TeNet: Text-To-Network for Compact Policy Synthesis
Ariyan Bighashdel, Kevin Sebastian Luck
AI summary
Problem
Current language-conditioned robotic controllers are either too large and slow for real-time deployment or require demonstration prompts at inference. This creates a gap between expressive language interfaces and efficient, deployable low-level control.
Approach
TeNet conditions a hypernetwork on pretrained text embeddings to instantly generate the parameters of a task-specific policy, optionally aligning text with trajectory data during training to improve generalization.
Key results
- Achieves strong performance on MuJoCo and Meta-World benchmarks
- Generates policies with ~40K parameters, orders of magnitude smaller than baselines
- Enables high-frequency control (>9 kHz) without requiring demonstrations at inference
- Language-grounded training improves generalization to unseen tasks
Why it matters
Provides a practical, deployable framework for real-time robot control that bridges expressive natural language interfaces with efficient low-level execution.
Abstract
Robots that follow natural-language instructions typically rely on either high-level planners with hand-designed interfaces or large end-to-end models that are difficult to deploy for real-time control.
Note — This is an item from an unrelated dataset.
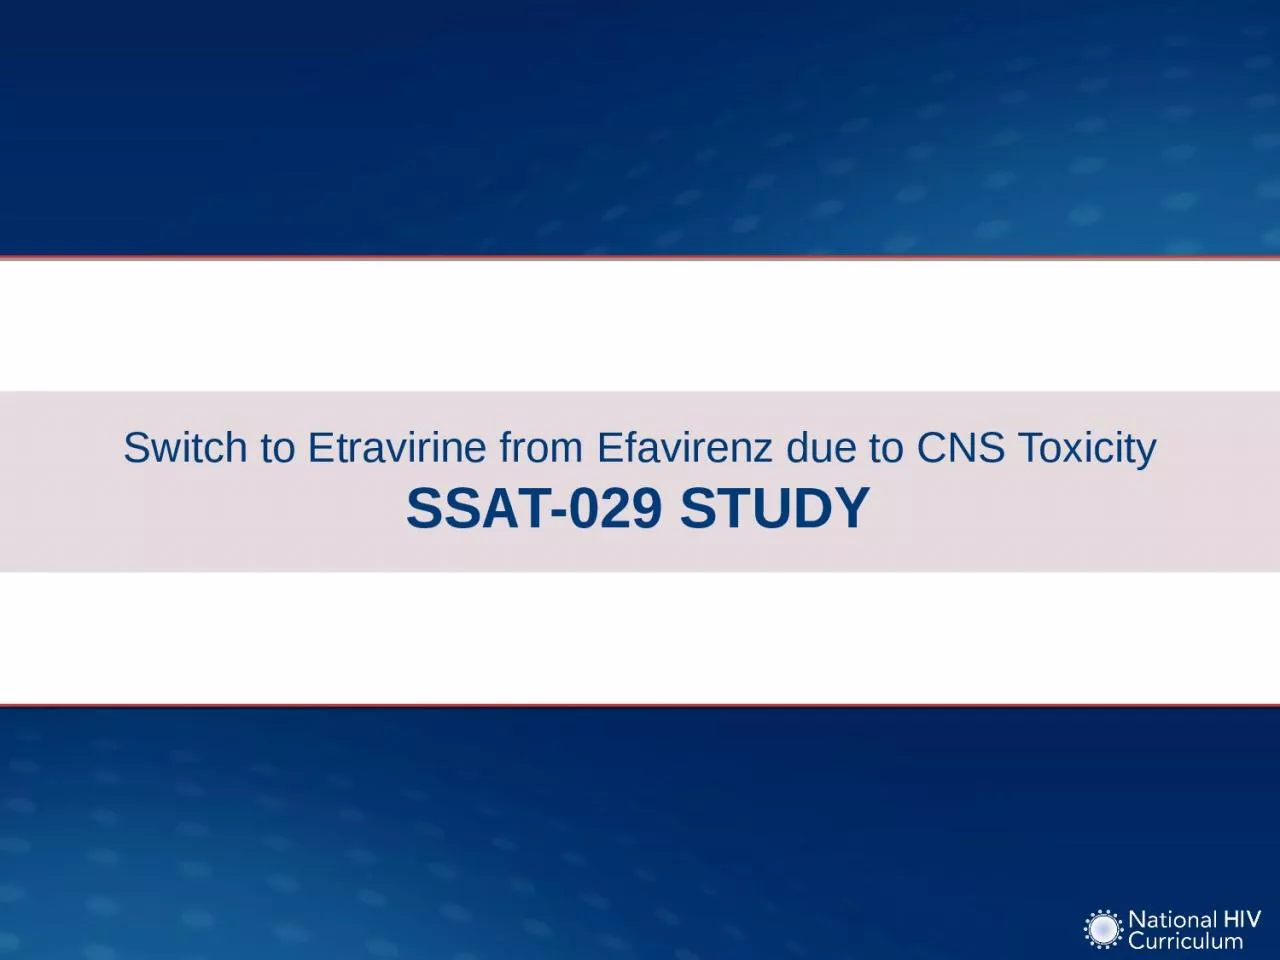 Switch to Etravirine from Efavirenz due to CNS Toxicity

We propose TeNet (Text-to-Network), a framework that instantiates compact, task-specific policies directly from natural language. TeNet conditions a hypernet- work on embeddings from a pretrained language model to generate a fully executable policy, which operates solely on low- dimensional state inputs at high control frequencies. By using language only once at policy instantiation, TeNet combines the expressiveness of large language models with efficient execution. To improve generalization, we optionally ground language in behavior during training, without requiring demonstrations at inference. Experiments on MuJoCo and Meta-World show that TeNet produces policies that are orders of magnitude smaller than sequence-based baselines, while achieving strong performance in both multi-task and meta-learning settings and enabling high-frequency control. These results demonstrate that text-conditioned hypernetworks provide a practical approach for compact, language-driven robot control.